Indian shuttlers have been successful in the Commonwealth Games and the Asian Games this year but the BWF World Tour has not been memorable. Despite good starts, titles have eluded them.
And Pullela Gopichand, India’s chief national coach, admits that it has been a ‘tough year’ for Indian shuttlers. “We haven’t had time to prepare overall. We had the Commonwealth Games, the Asian Games and the World Championships — and whatever time we had was not enough to work end-to-end,” Gopichand said at the launch of Mumbai Games on Wednesday.
He, however, is happy that despite the challenges, Kidambi Srikanth and P. V. Sindhu have been able to maintain their rankings. “At the end of the year, we still have Srikanth and Sindhu ranked high. We have had medals at the major events. I am happy with the performances,” the national coach said.
Gopichand, who over the years, has played a key role in developing Indian shuttlers also admits that ‘every area needs work’. “If you look at the way Srikanth played, he has lost quite frequently to a couple of them like (Kento) Momoto. If you have to be the best, you have to beat them and for that you need to prepare,” Gopichand said.
“Unfortunately, we have had back to back tournaments. This is not time enough for preparation, I would want a bit longer stint. But I am happy that in this year, we have been successful in major events,” he added.
With too many tournaments coming their way, is it time for the top shuttlers to pick and choose international events?
Gopi, however, feels that it is ‘easier said than done’. “This year was a tough one to pick and choose. Also, players in the top-15 have to play a mandatory number of events, that makes it tougher,” he said.
However, he does not want to blame it on scheduling. “The whole world has to follow it. We have it a bit tougher because of Commonwealth Games and Asian Games, but the whole whole world has it,” he said.
Over the years, the sport has grown immensely, but Gopi feels that the ‘system is still not ready’ and there needs to be more work in every area. “The infrastructure has gone up, parents are sending their kids to play badminton, but to produce stars, we need to work harder,” he said.
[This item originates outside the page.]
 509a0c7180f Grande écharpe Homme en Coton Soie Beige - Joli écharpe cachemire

He also feels that to encourage top players to take up coaching seriously, ‘coaching as a profession needs to be looked at differently.’
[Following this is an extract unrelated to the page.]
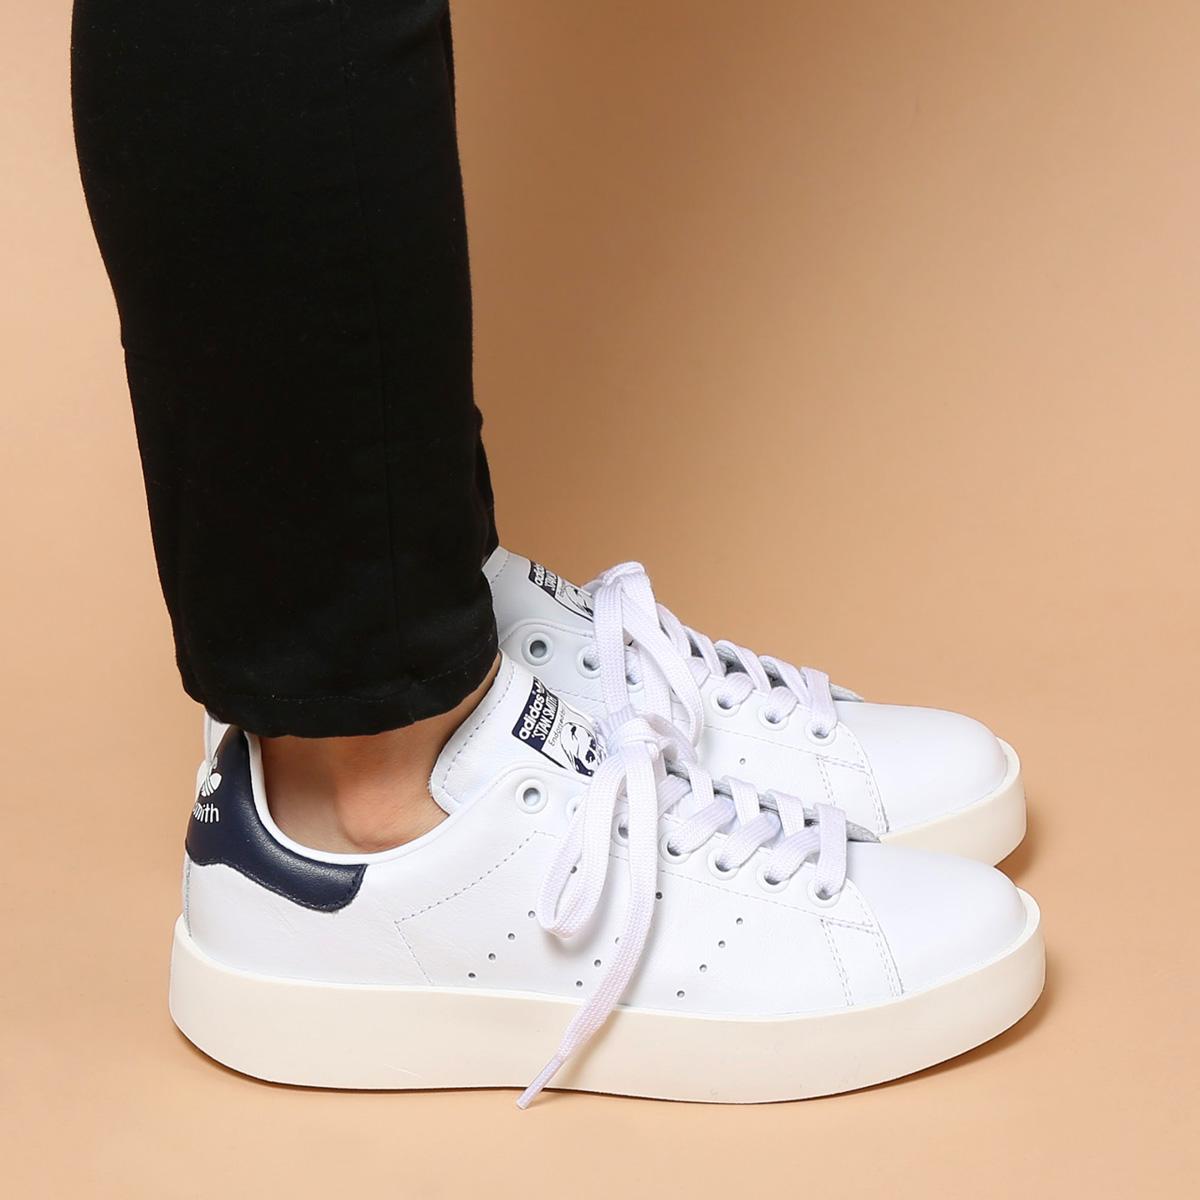 Rakuten mercado global: adidas zapatos 60items.

“That’s fundamentally the most important thing. Education of coaches is one aspect of it. Nurturing the coaches and ensuring that you are top players and top brains are converted into coaching and stay motivated with right kind of players is very important.
“Other aspect which is most important is that you cannot look at coaching in isolation. Tournament planning, scheduling and the entire ecosystem in which a player is produced has to be in a way which is coach and athlete centric. That’s the model which is successful and we should adopt. We are far away from it,” Gopi said.
But then, he is optimistic that more and more players will take up coaching. “We have to make it conducive for them to come. If its well-paid and is respected, then why not?” Gopi reasoned.
Gopi, who was the chief guest at the launch of the Mumbai Games, also believes that such tournaments at the local level should be encouraged. The Mumbai Games, a city-level franchise-based multi-sport event will be held in the city from December 14. A total of eight franchises have been signed up and the tournament will be played across eight venues over 12 weekends. Each team will have a mentor for each contingent.